Falando outro dia pelo telefone com o meu amigo e poeta Vinícius Martins, que mora em Teixeira, na Paraíba, ele me contou que familiares do Rogaciano Leite (1920-1967) estavam participando de eventos por todo o Nordeste e outras partes do país em comemoração ao centenário de nascimento do notável jornalista e poeta. Perguntou se podia passar meu contato para a Roraima. Claro que pode, lhe respondi. Dia seguinte, 6 de novembro de 2020, a Roraima me ligou de Madri, a bela capital da Espanha, onde ela mora desde 2007. Foi uma conversa longa e emocionante. Durou 3 horas e ainda achei pouco. Ela agora é minha vizinha, pois estou ruminando as saudades do Brasil vivendo aqui na cidade do Porto, Portugal, terra de Almeida Garret e quase também do Eça de Queiroz, posto que o Eça é daqui de perto. O autor de O Crime do Padre Amaro, A Relíquia, Os Maias, e de outras obras essenciais, nasceu em Póvoa do Varzim, a um estalar de dedos donde moro. Aliás, o romance Os Maias, obra-prima do autor, foi publicado pela Livraria Lello & Irmãos aqui do Porto, em 1888. A Lello existe até hoje.

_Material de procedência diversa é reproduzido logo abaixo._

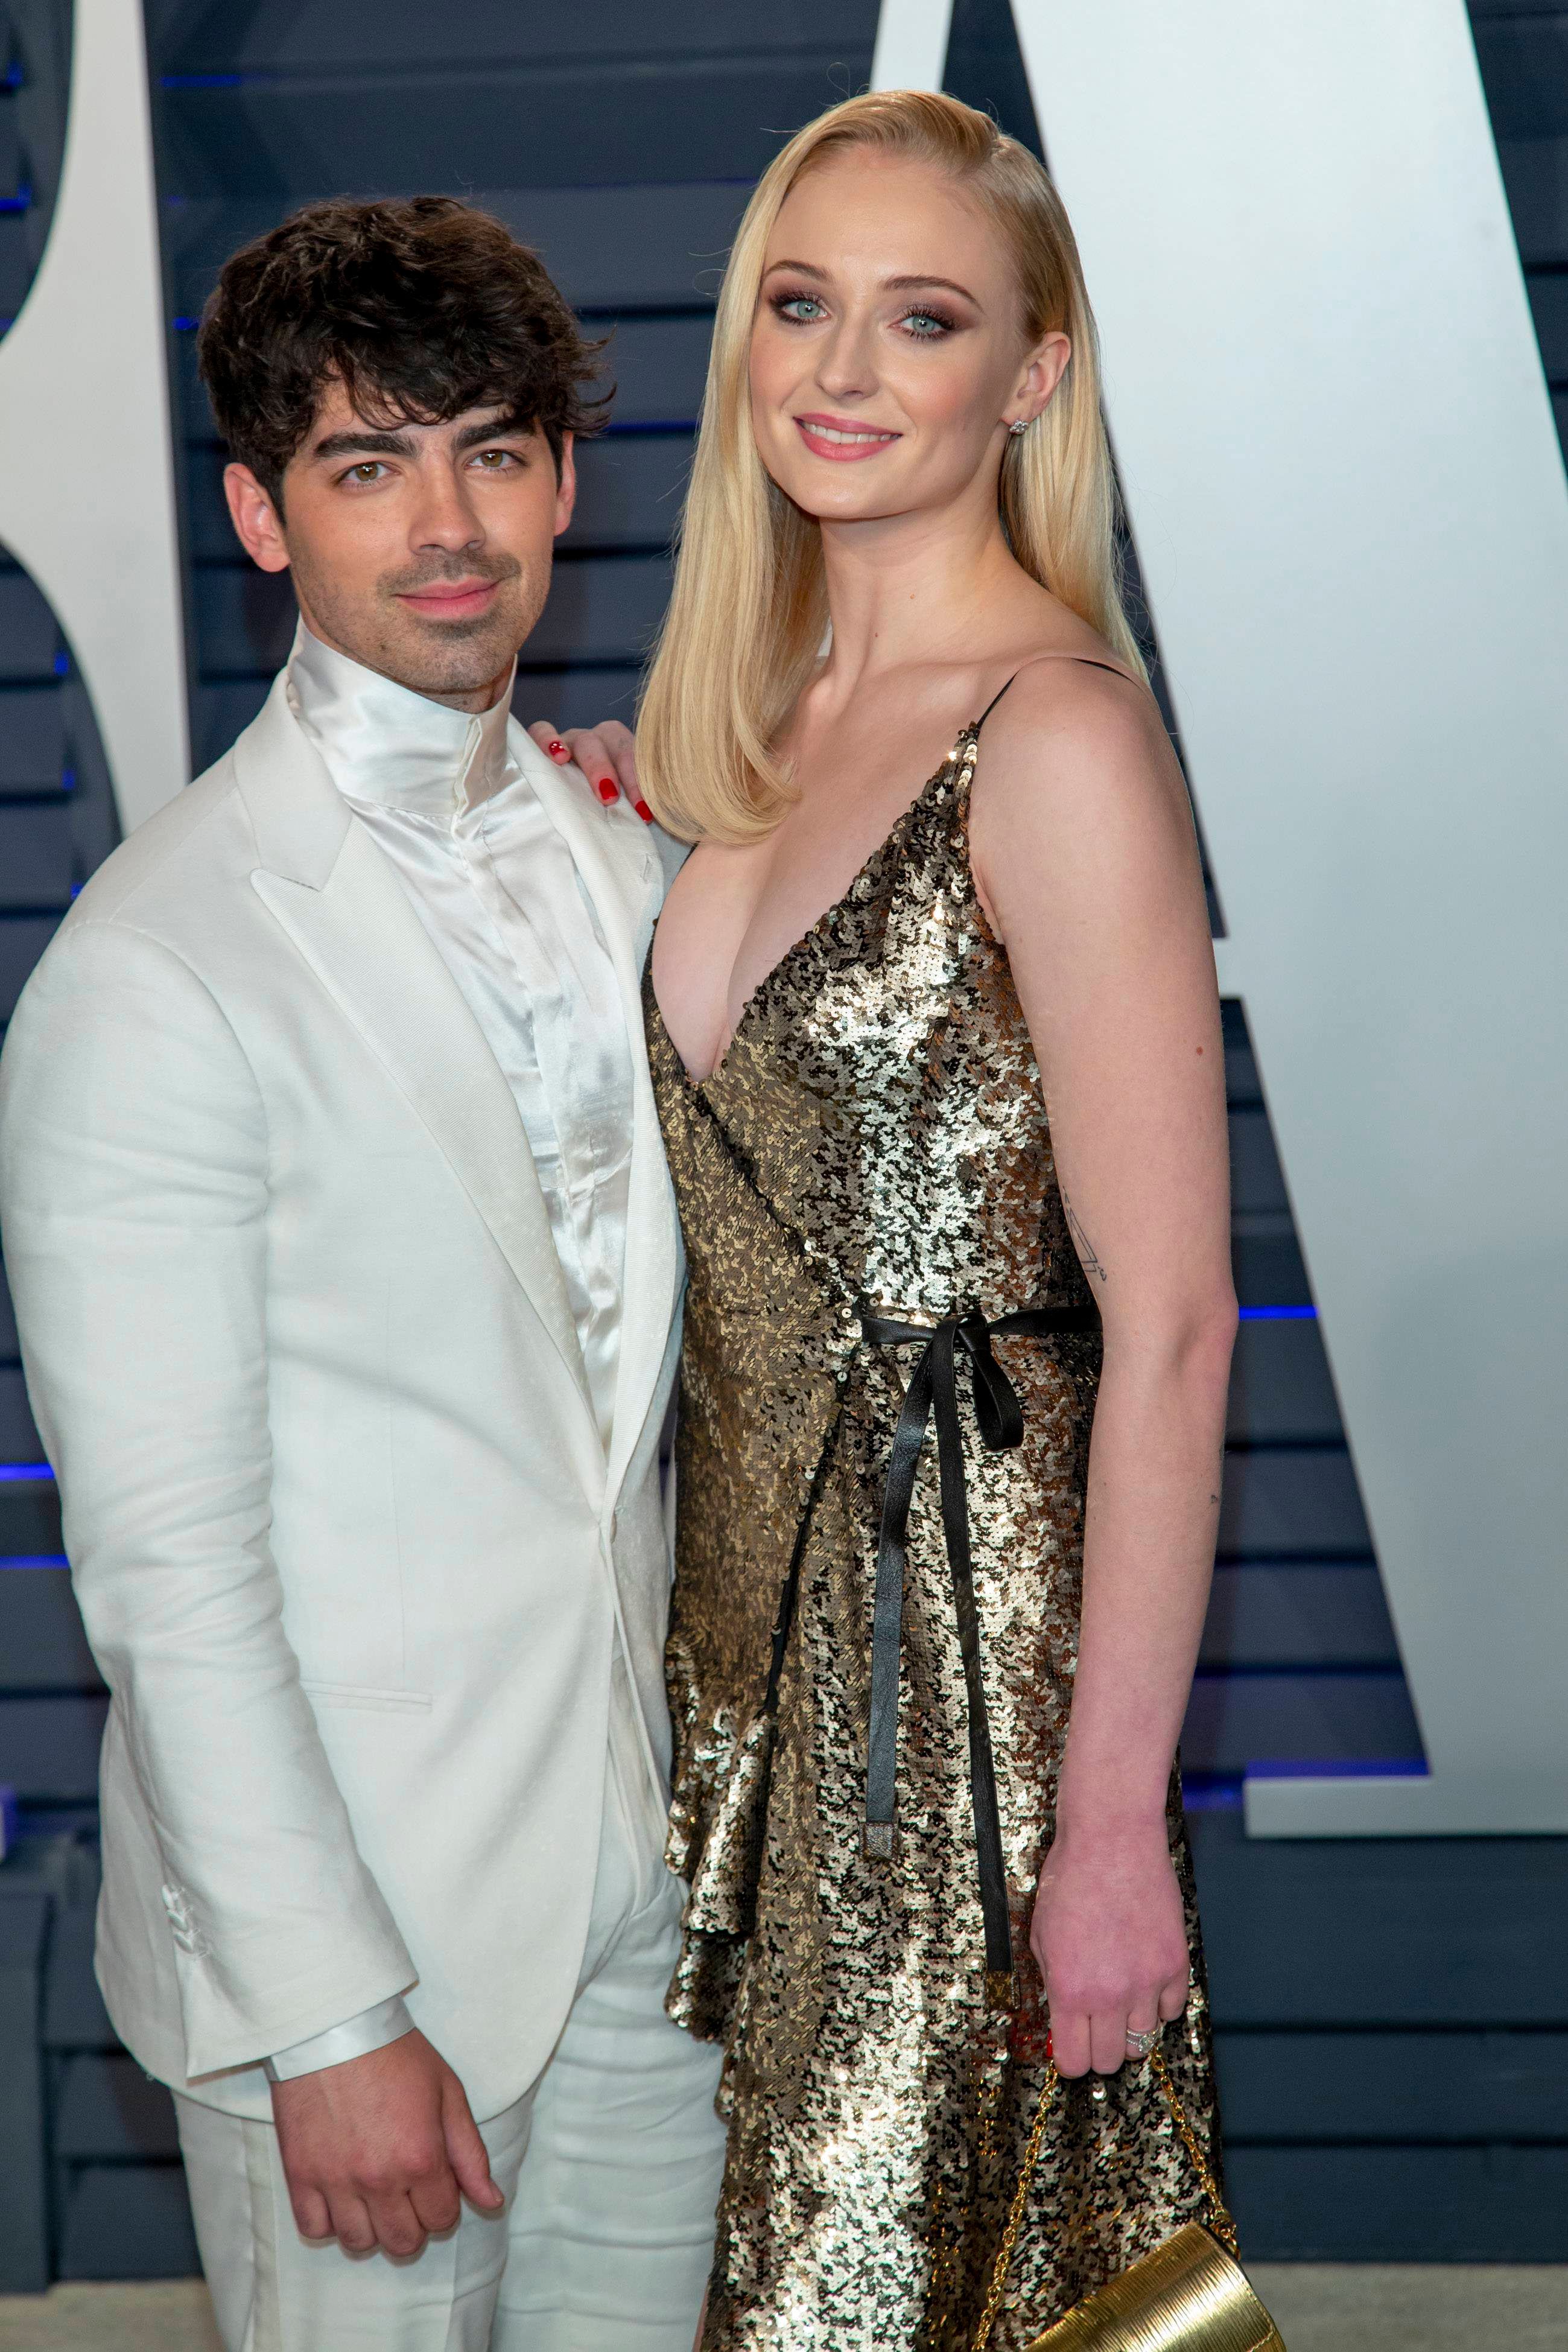 Things You Might Not Know About Joe Jonas And Sophie Turner's

Roraima é uma doçura de pessoa. Engenheira civil, estudou cálculos, matemática, física, mas, retrato do pai, é apaixonada pela poesia. Ela traz viva na memória toda a extraordinária história do ilustre poeta e jornalista. Vamos relembrá-la um pouco? Lenda viva da Cantoria do Repente, Rogaciano nasceu poeta (1920-1969), na cidade pernambucana de São José do Egito, região do Pajeú das Flores, berço eterno da poesia. Aos doze anos já cantava em roda de amigos com os maiores poetas da região: Antônio Marinho e Severino Pinto. Atrevido, desafiou Amaro Bernardino. Tomou gosto e cedo, aos 14 anos de idade, pisou a estrada pelo sertão do Nordeste, mostrando a sua poesia. Depois de percorrer todo o Nordeste, com sua turnê de recitais, Rogaciano chegou em Fortaleza, onde se formou em Letras Clássicas pela Universidade Católica de Filosofia do Ceará em 1949 e virou jornalista de grande projeção. Vencedor de três prêmios Esso de reportagem, Rogaciano Leite é autor de Carne e Alma, clássico da chamada poesia erudita. É autor também de um clássico da MPB, Cabelos Cor de Prata, musicado por Sílvio Caldas.

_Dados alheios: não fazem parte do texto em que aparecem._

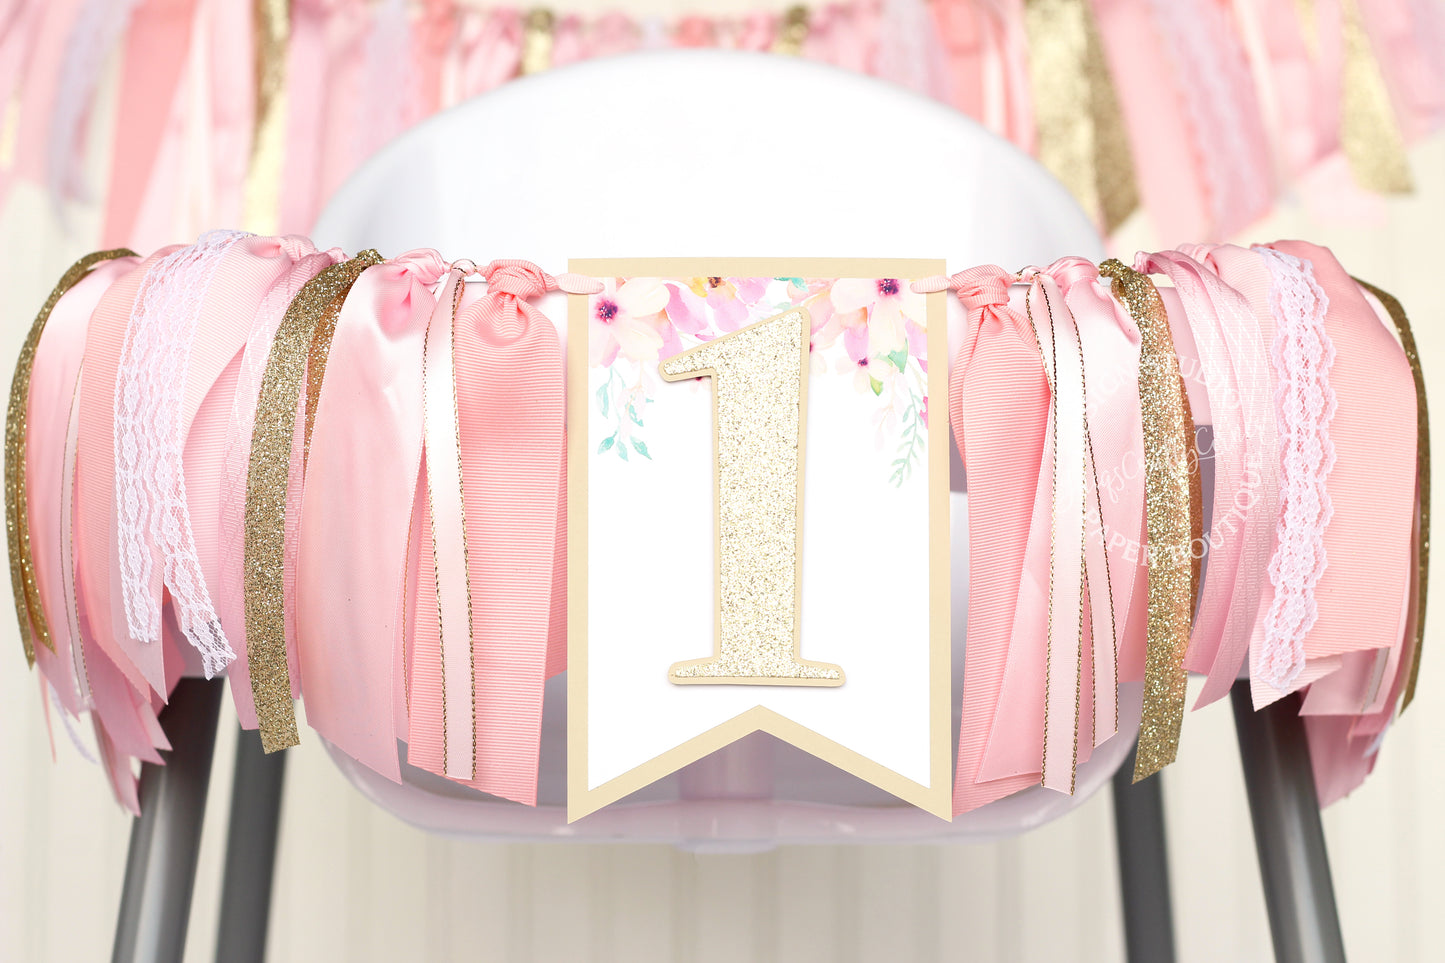 Floral High Chair Banner in Pink and Gold

Uma das principais avenidas de Fortaleza leva o nome do poeta, que está recebendo neste ano de 2020 inúmeras homenagens em comemoração ao centenário de seu nascimento. Roraima e seus dois irmãos, Roberto e Ricardo, estão preparando uma edição especial de Carne e Alma, obra original lançada em 1950 e Coração Sertanejo, com poemas inéditos. Muitas peças escritas por Rogaciano Leite, como, por exemplo, reportagens, crônicas, livros e poemas poderiam hoje estar totalmente desaparecidos não fosse o empenho e o carinho de uma pessoa muito importante em sua vida. Refiro-me à Senhora Maria José Cavalcante Leite, a dona Mazé, esposa do poeta. “Minha mãe era uma deusa. Ela passava horas a fio organizando tudo que se referia a papai. Eram recortes de jornais, fotografias, os livros, as poesias, as reportagens, tudo”, conta, emocionada, Helena Roraima.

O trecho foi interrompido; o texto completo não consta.